### Given data
————

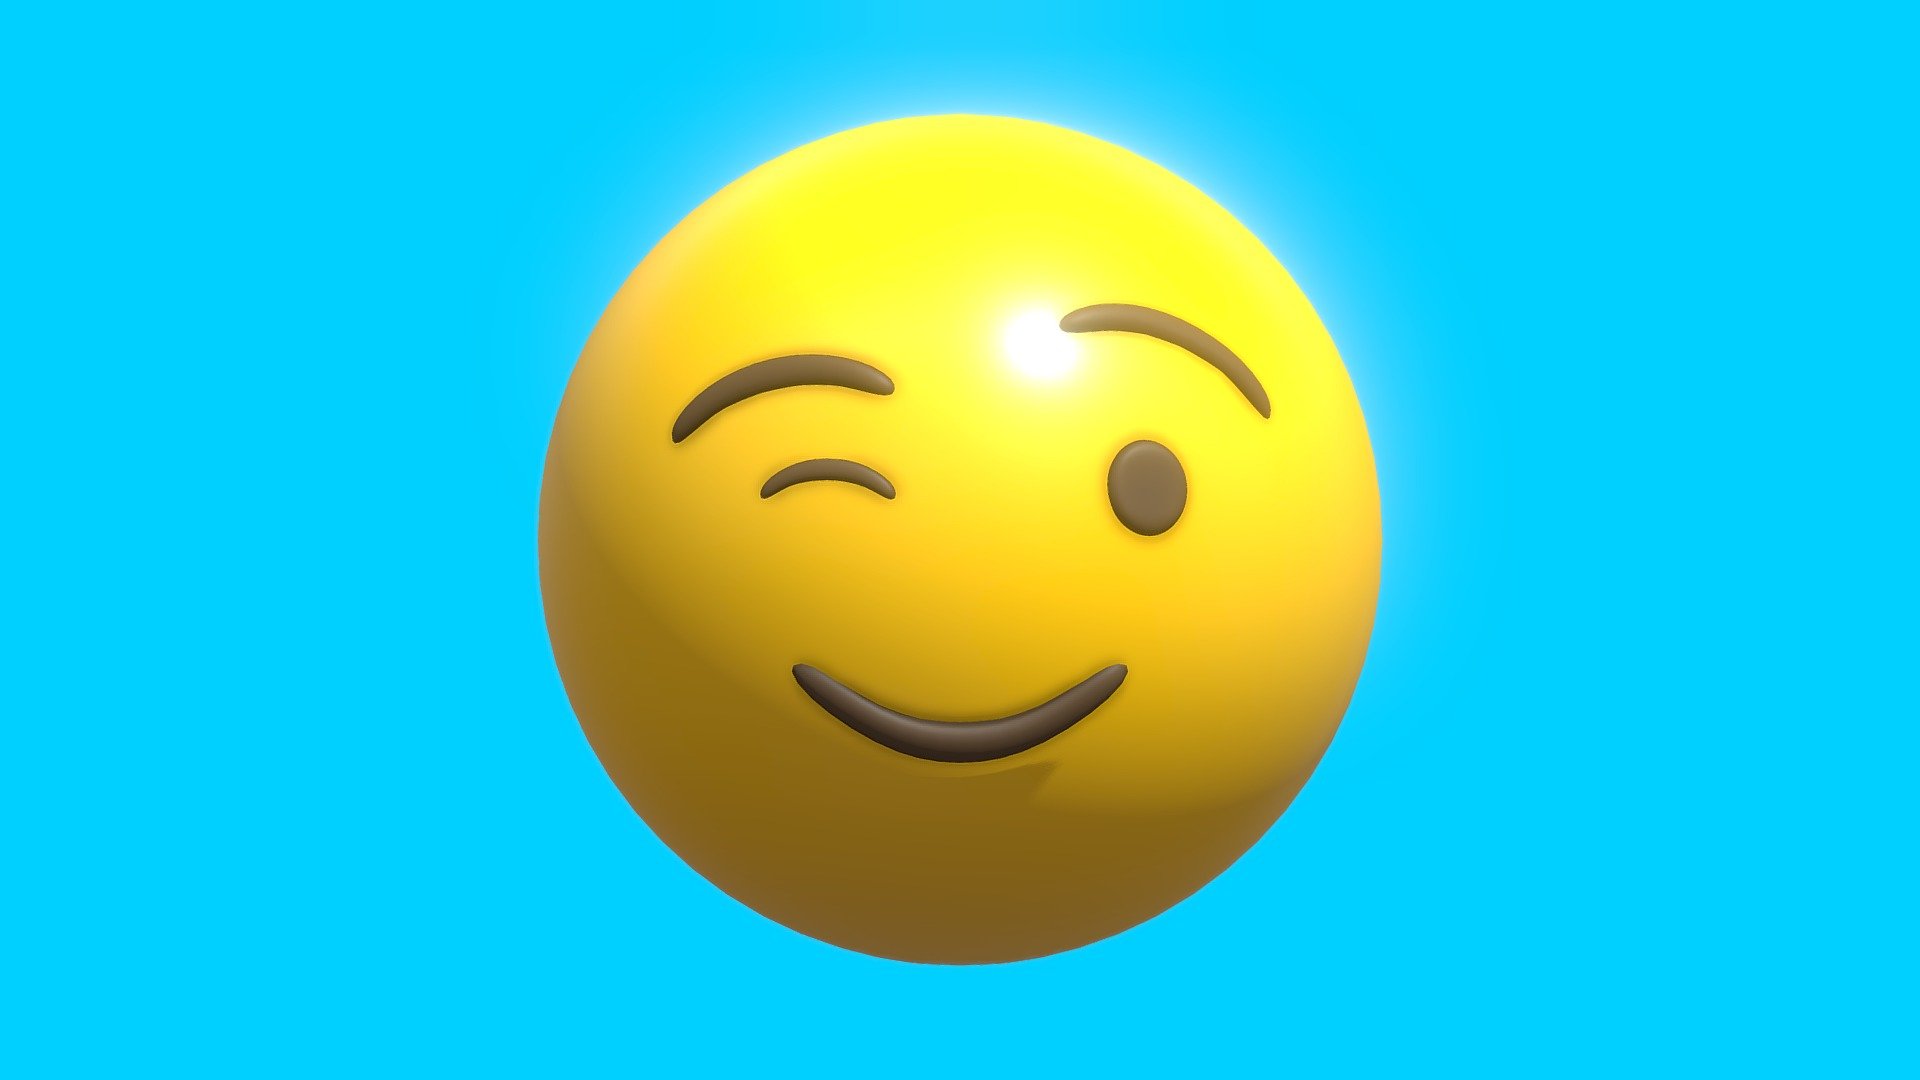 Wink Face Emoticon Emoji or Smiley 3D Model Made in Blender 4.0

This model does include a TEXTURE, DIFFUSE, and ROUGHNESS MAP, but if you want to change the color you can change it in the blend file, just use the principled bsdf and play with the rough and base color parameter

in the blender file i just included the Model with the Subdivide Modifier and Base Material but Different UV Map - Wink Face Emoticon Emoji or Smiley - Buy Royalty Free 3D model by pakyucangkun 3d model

————

### Directions for this task
Nothing but the text of the listing should be set down, exactly, with the pictures left behind.

### Your response
 Wink Face Emoticon Emoji or Smiley 3D Model Made in Blender 4.0

This model does include a TEXTURE, DIFFUSE, and ROUGHNESS MAP, but if you want to change the color you can change it in the blend file, just use the principled bsdf and play with the rough and base color parameter

in the blender file i just included the Model with the Subdivide Modifier and Base Material but Different UV Map - Wink Face Emoticon Emoji or Smiley - Buy Royalty Free 3D model by pakyucangkun 3d model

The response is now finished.